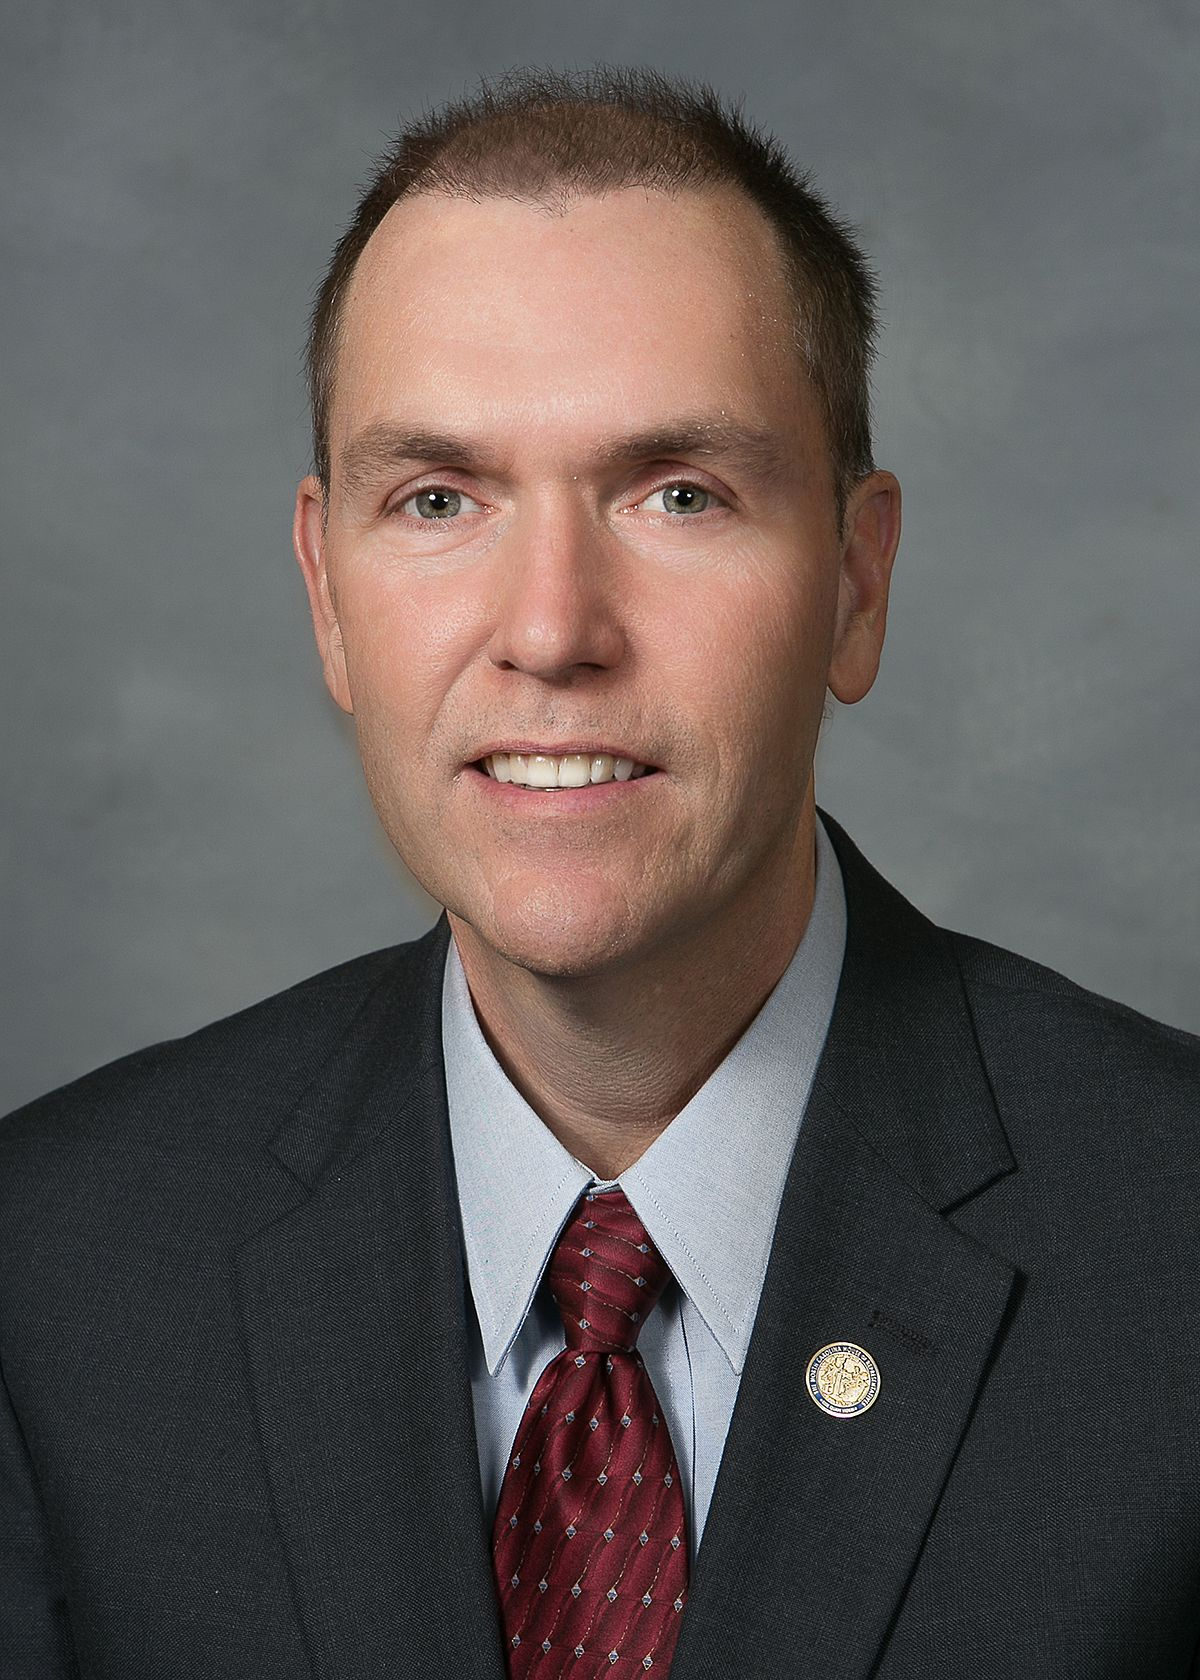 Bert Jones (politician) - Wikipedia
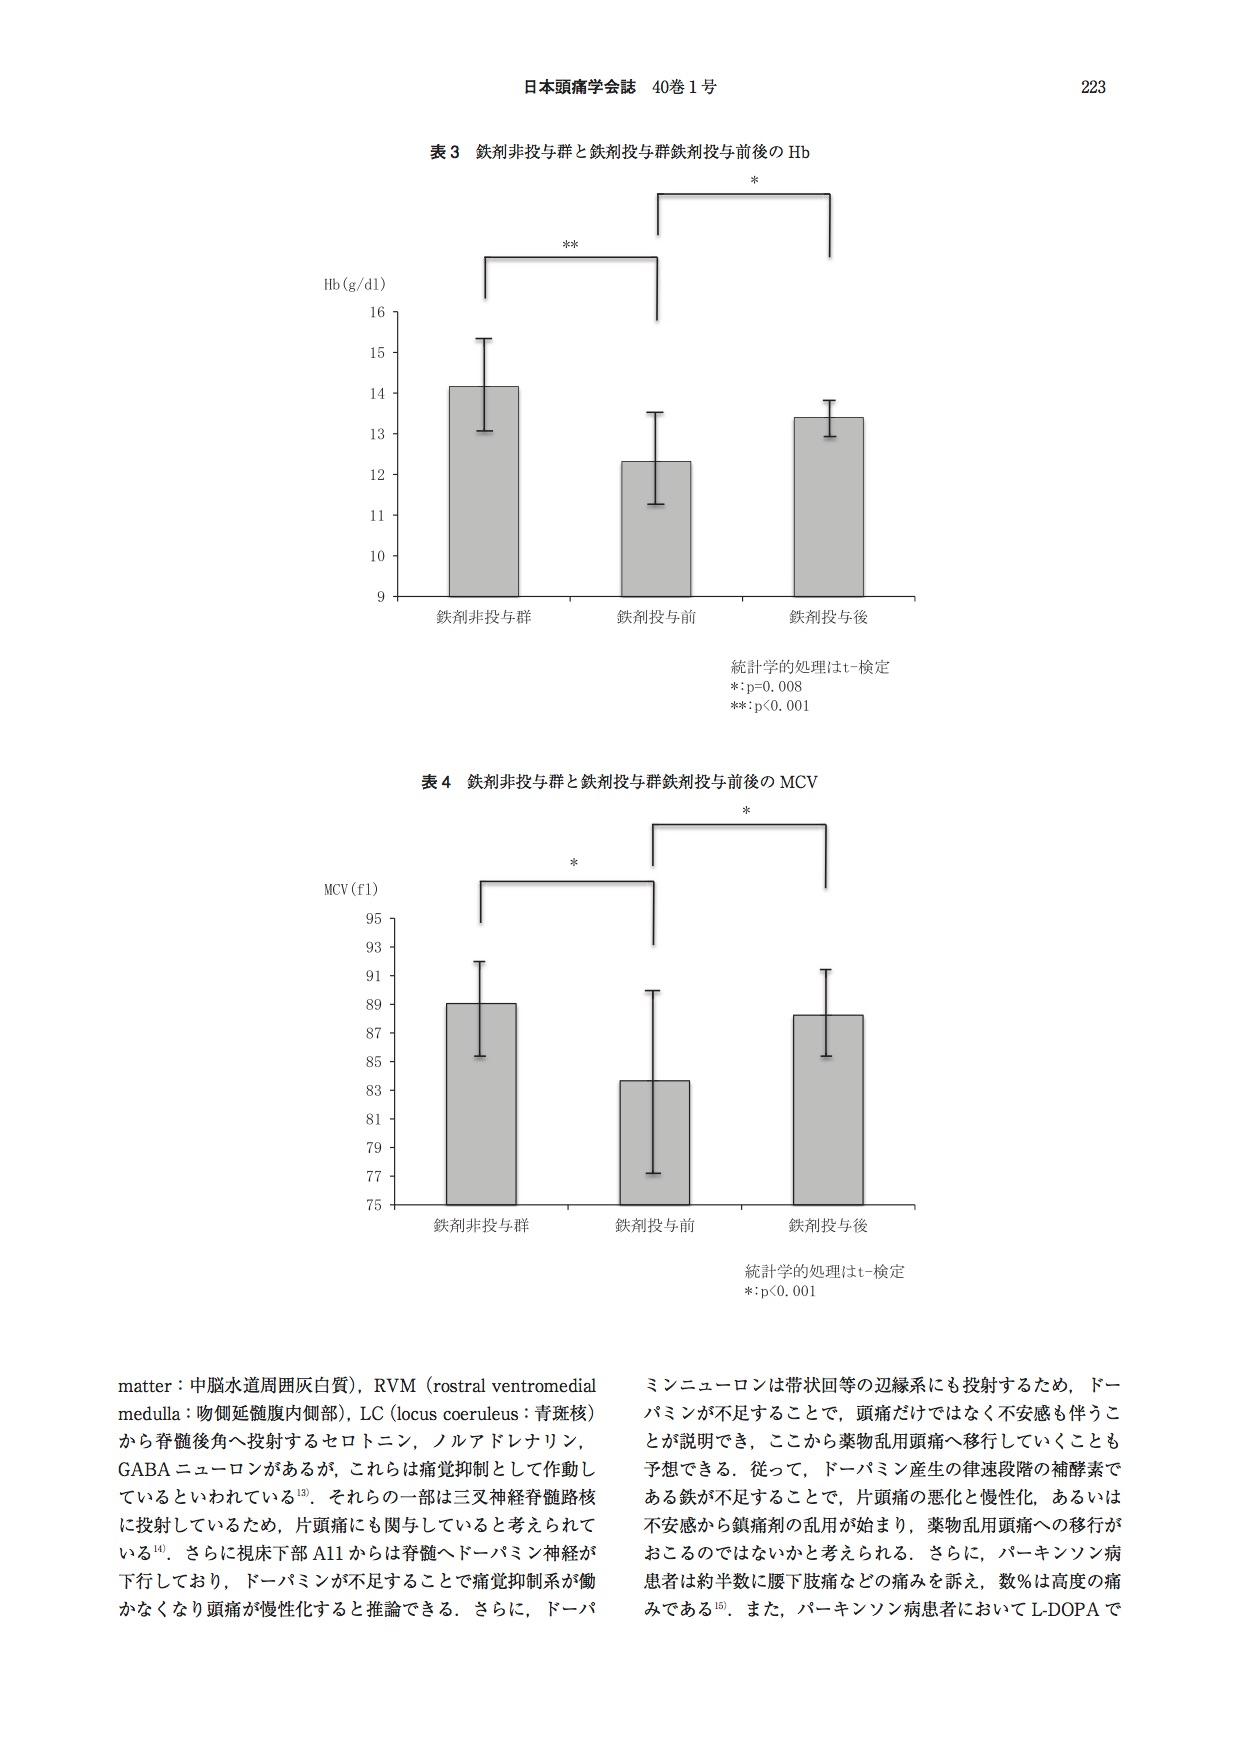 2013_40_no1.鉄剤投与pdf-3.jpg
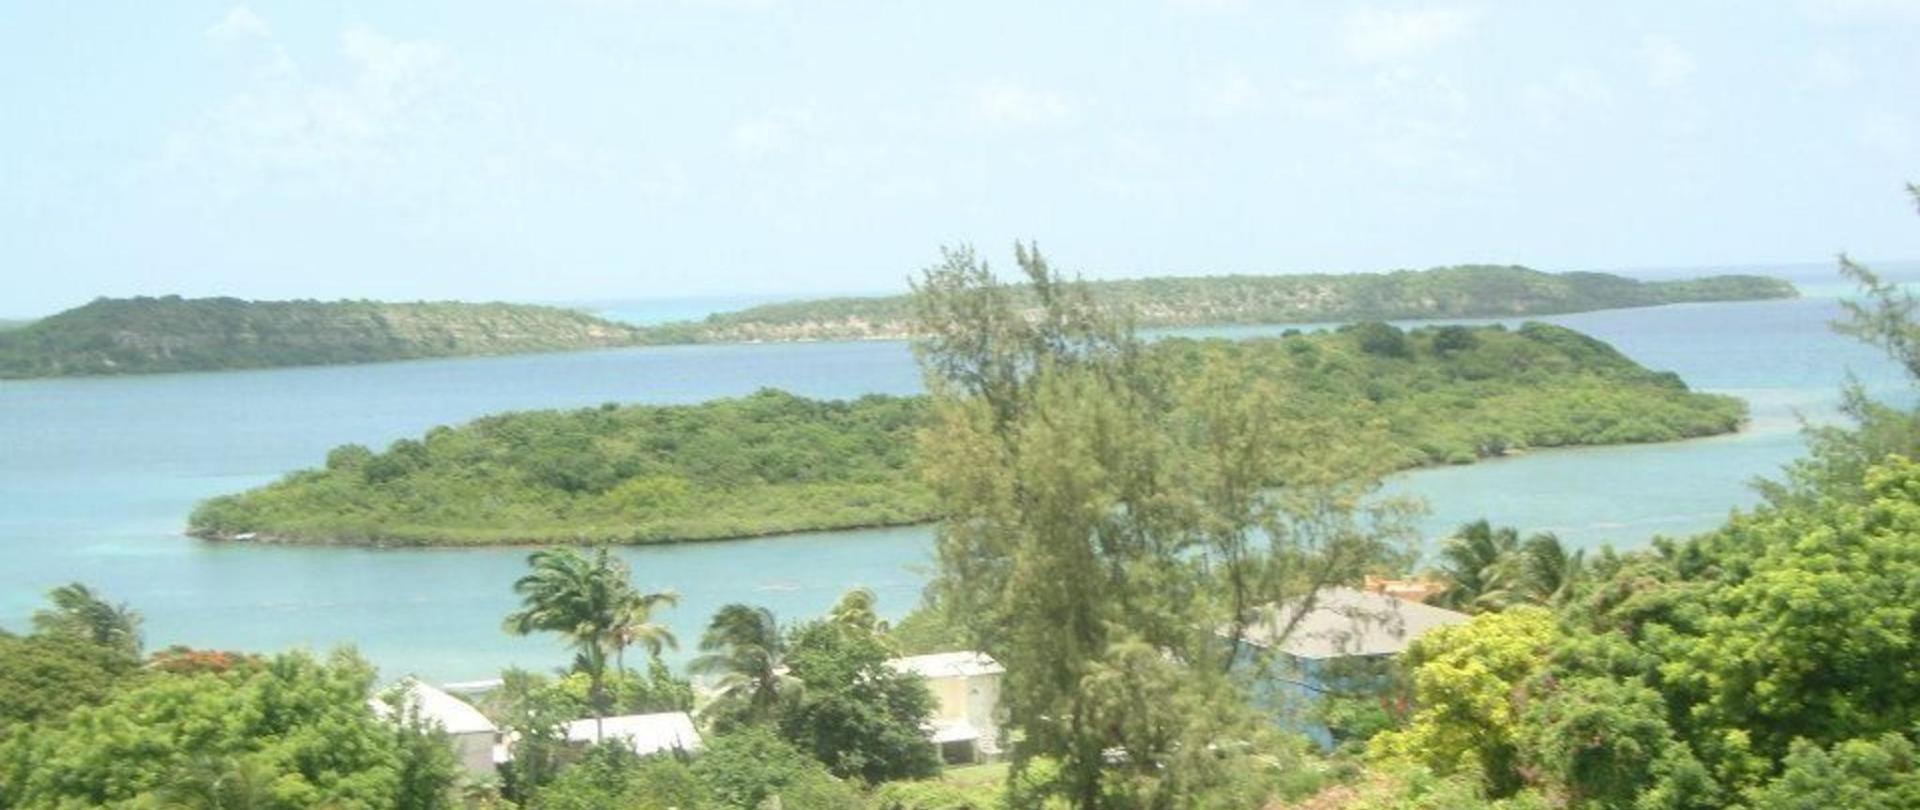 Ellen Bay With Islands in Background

* * * * * * * * *

PROBLEM DETAILS — Omit the pictures and give the material again, exactly and in full.

RESPONSE —
 Bert Jones (politician) - Wikipedia
 2013_40_no1.鉄剤投与pdf-3.jpg
 Ellen Bay With Islands in Background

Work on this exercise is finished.